• Data for review
○ ○ ○ ○

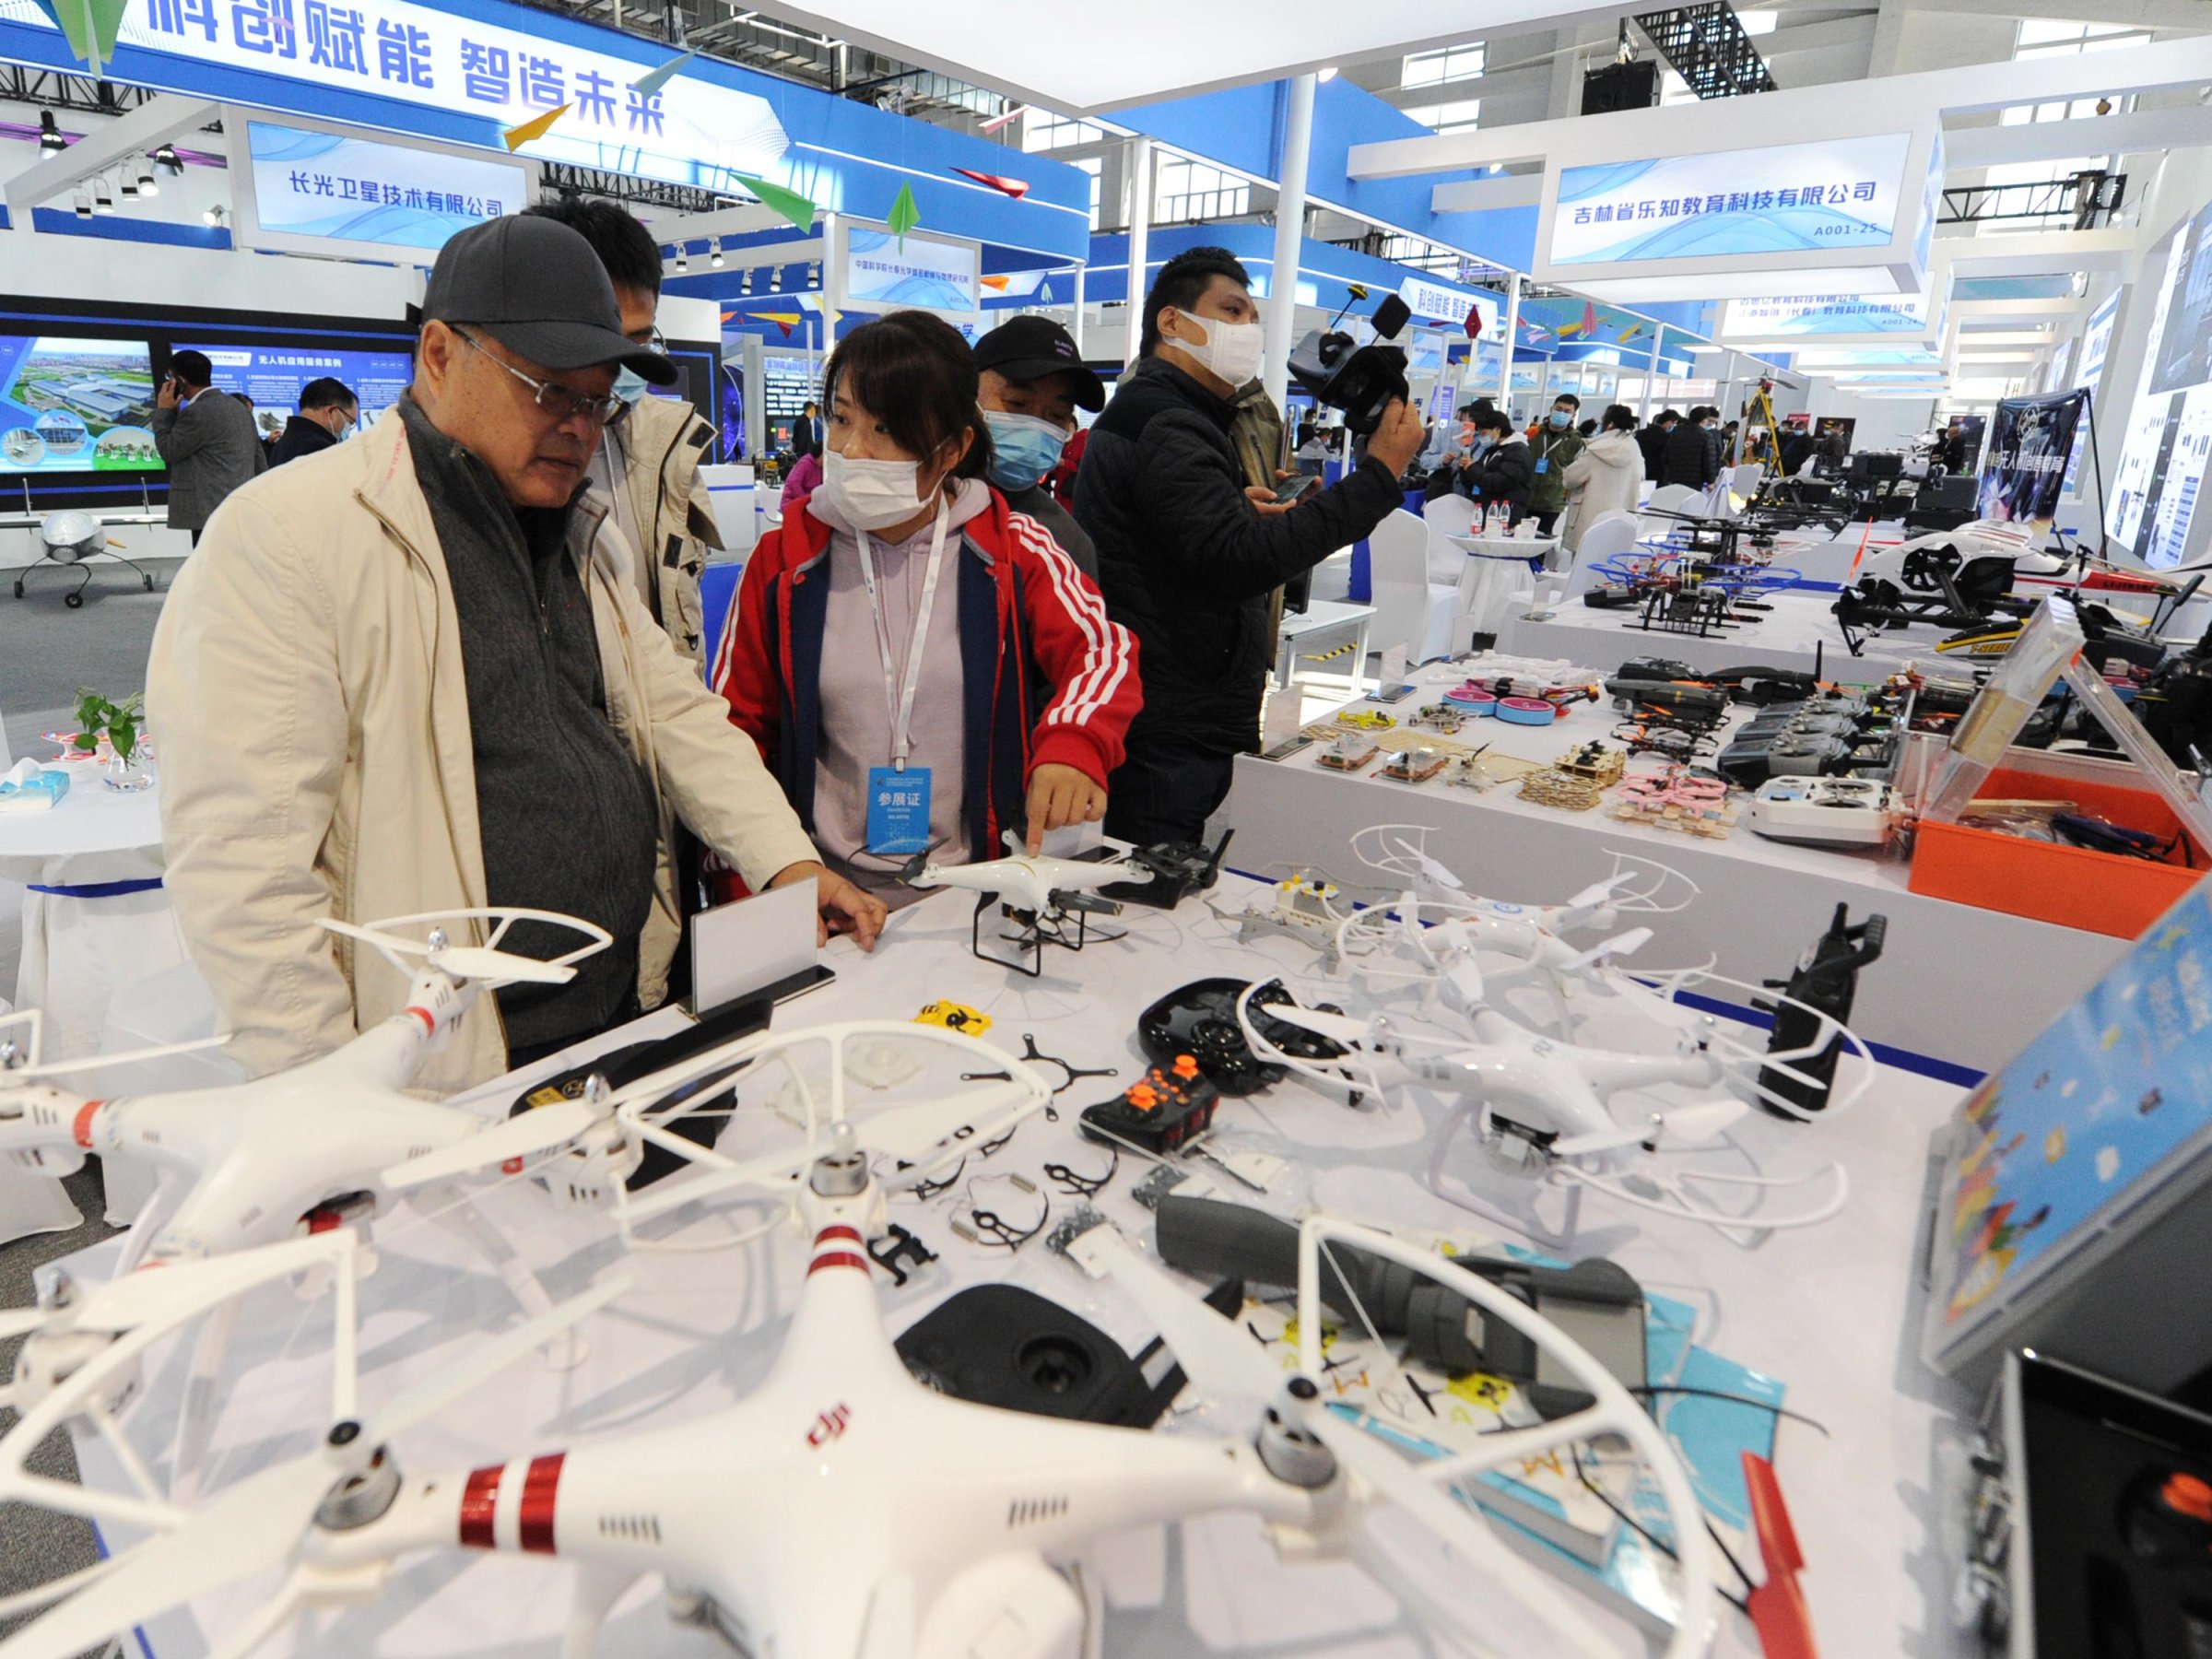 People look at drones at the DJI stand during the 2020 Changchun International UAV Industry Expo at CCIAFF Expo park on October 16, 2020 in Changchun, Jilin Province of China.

○ ○ ○ ○

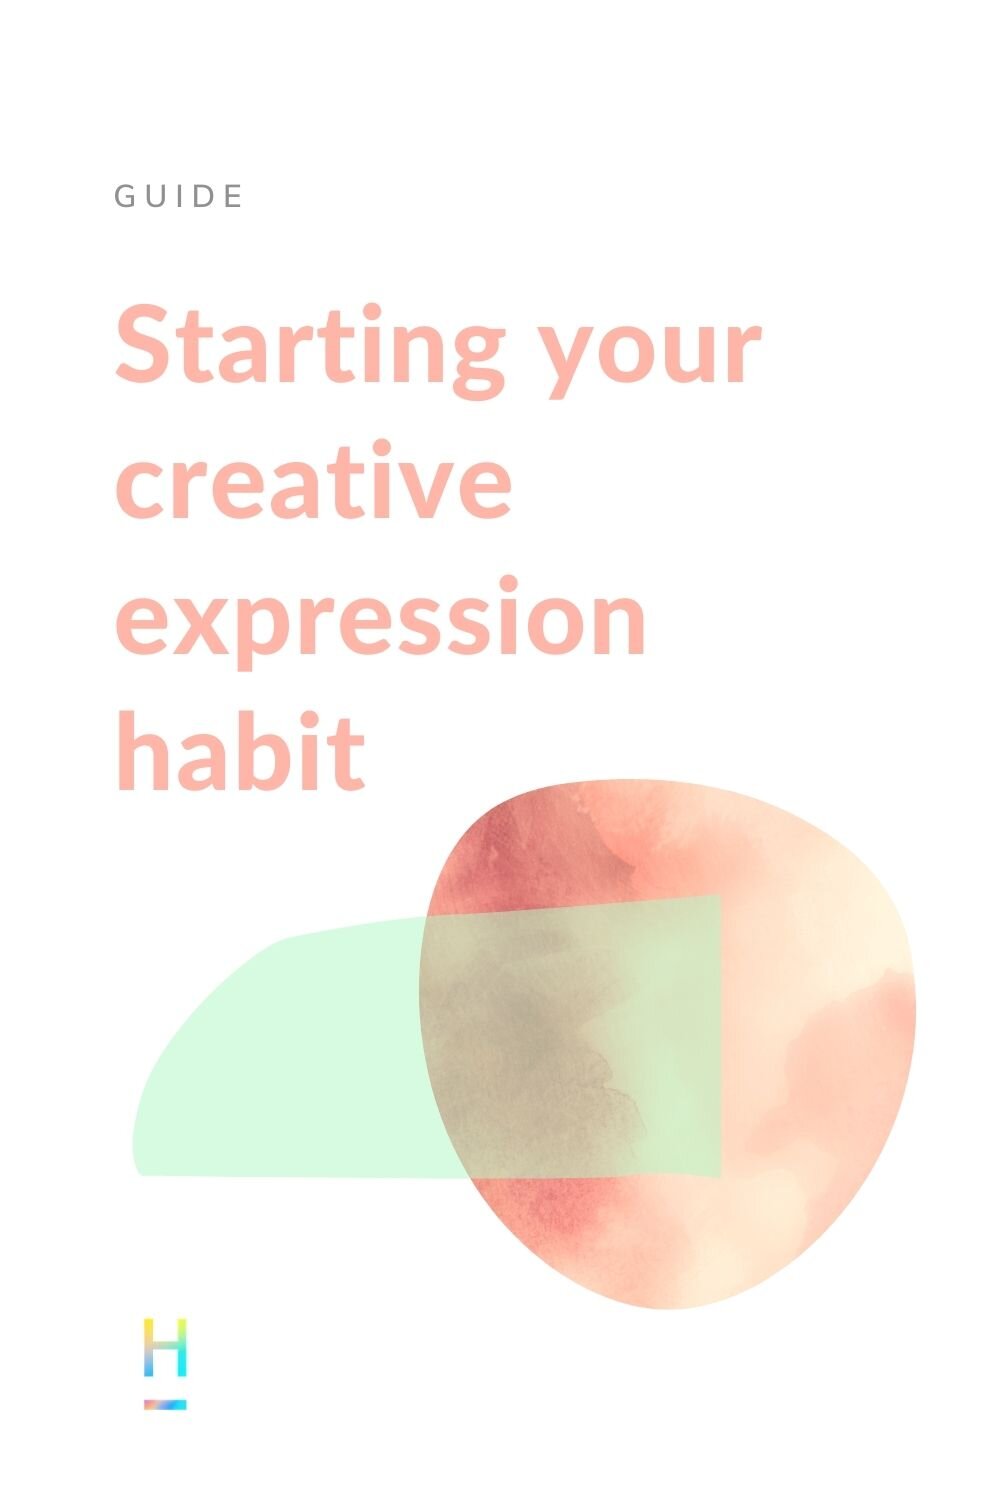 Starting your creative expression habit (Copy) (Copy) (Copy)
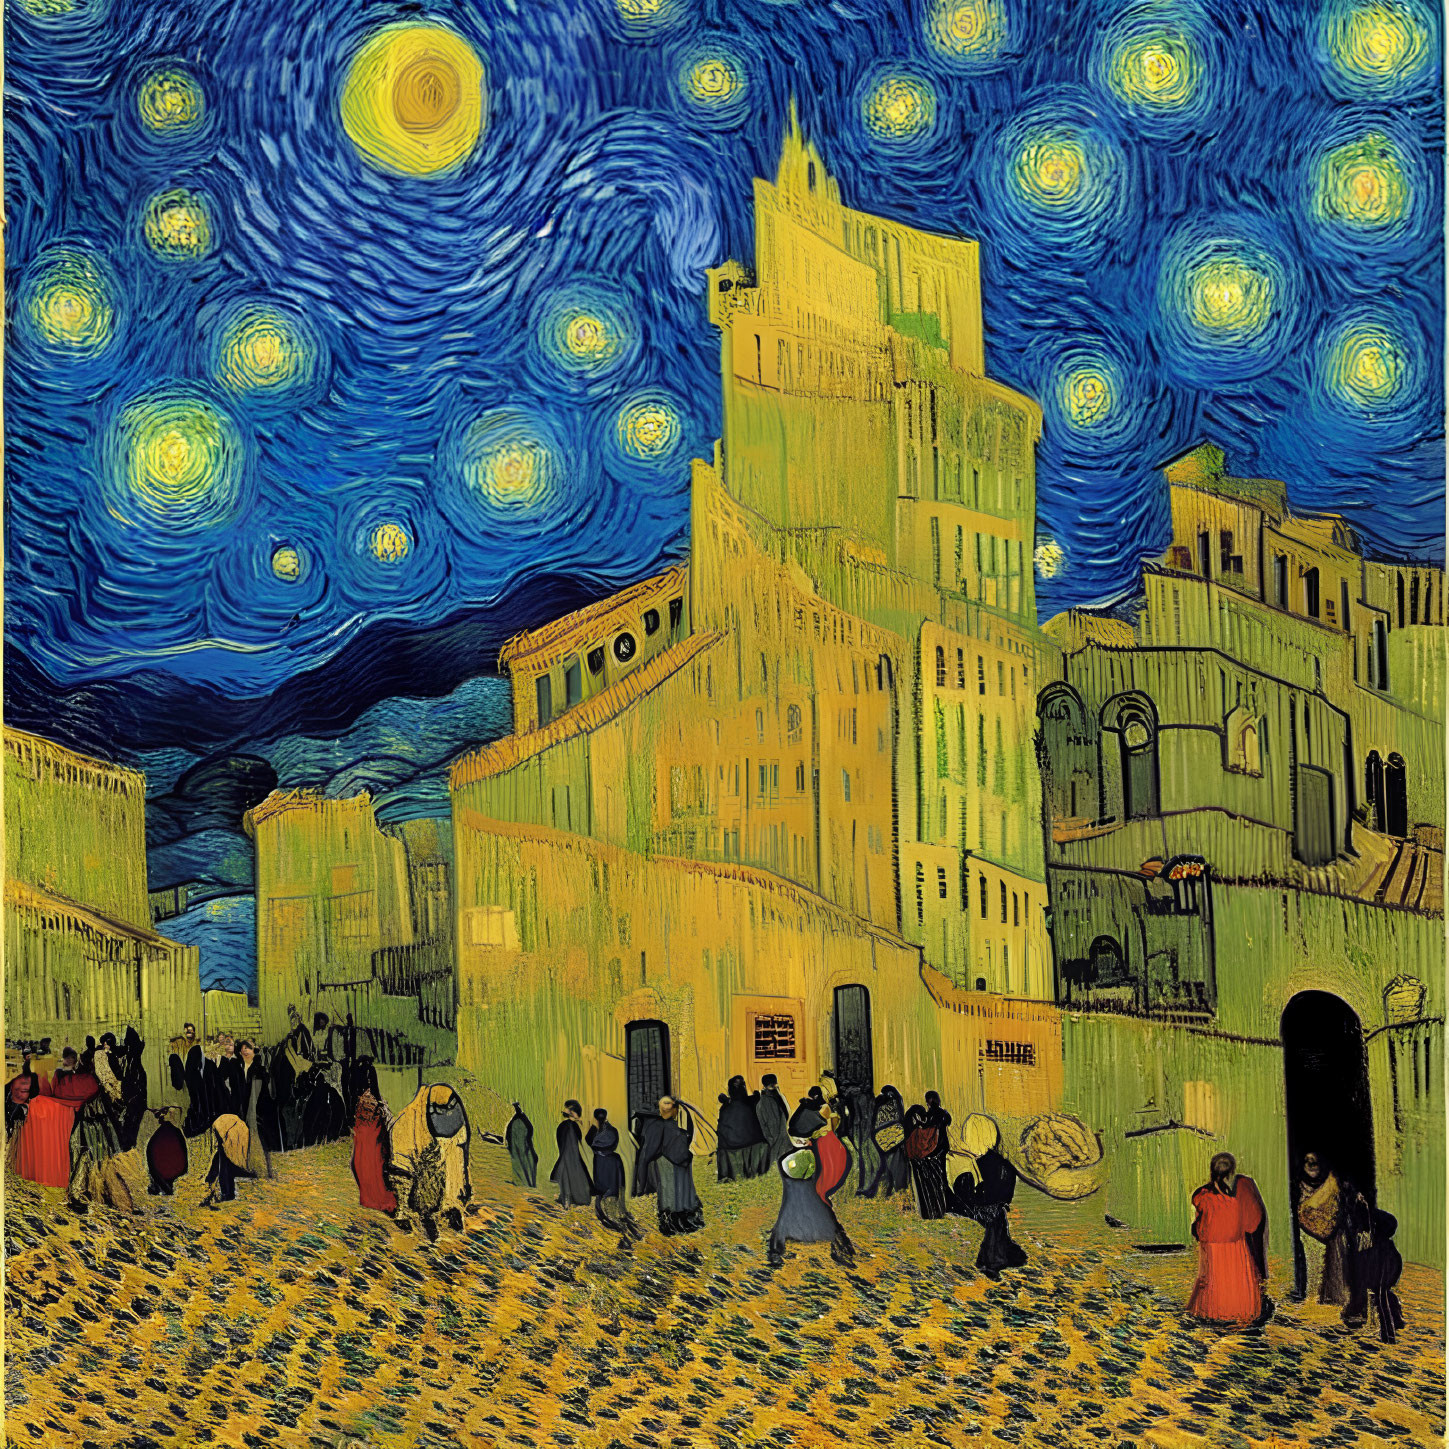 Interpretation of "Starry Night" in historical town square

○ ○ ○ ○

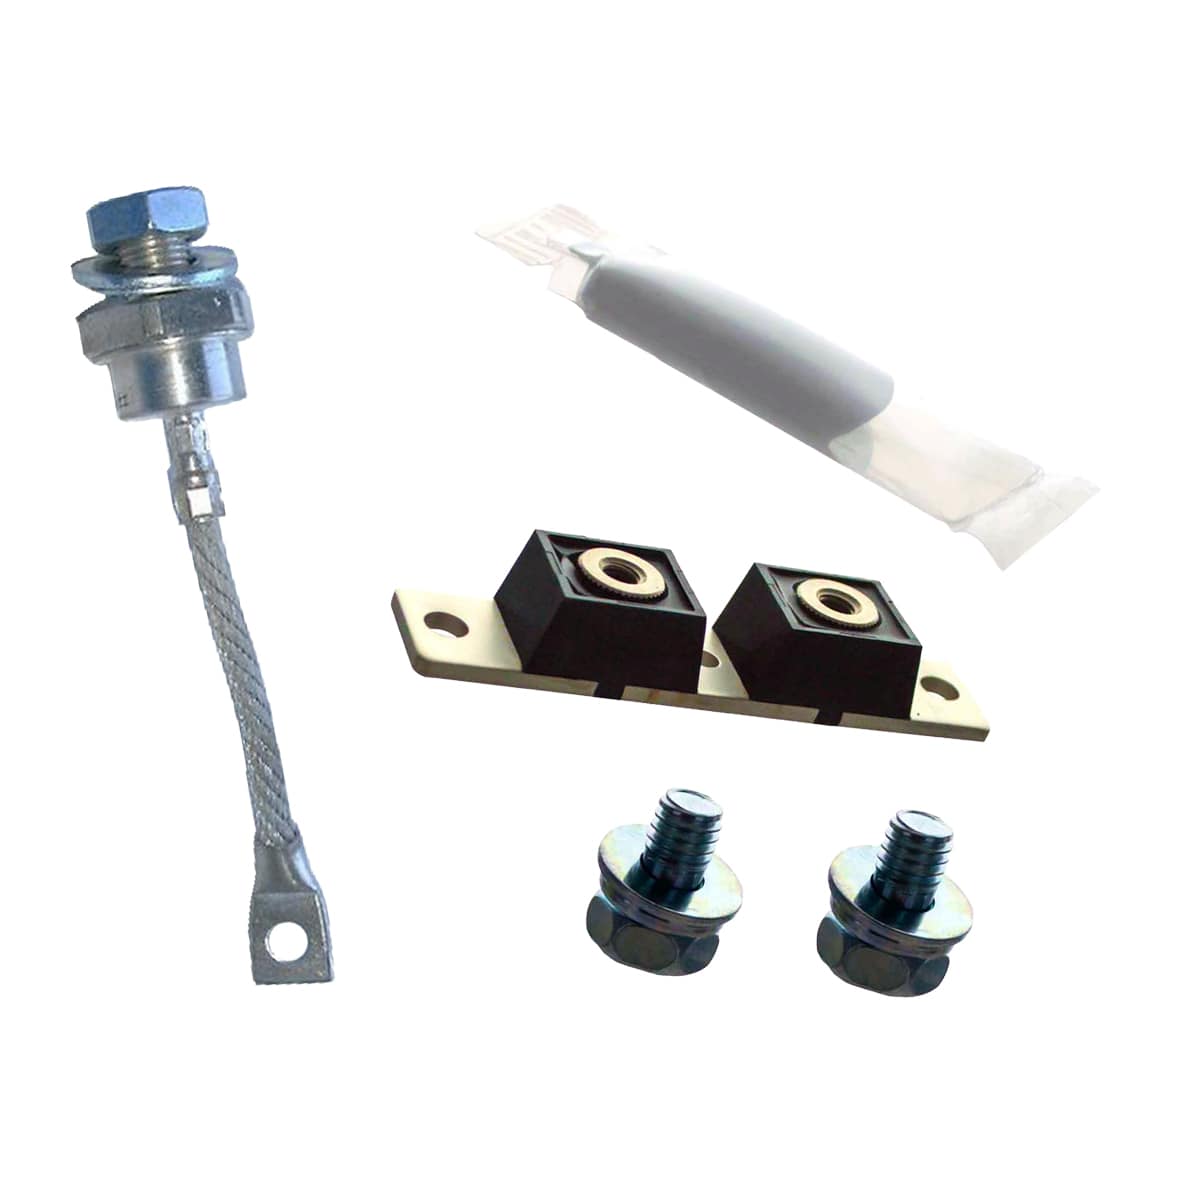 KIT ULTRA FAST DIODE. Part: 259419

○ ○ ○ ○

Quote the data above exactly from the line with "Starting your creative" to the line with "historical town square", both ends counted, and nothing else. Pictures don't go in.

 Starting your creative expression habit (Copy) (Copy) (Copy)
 Interpretation of "Starry Night" in historical town square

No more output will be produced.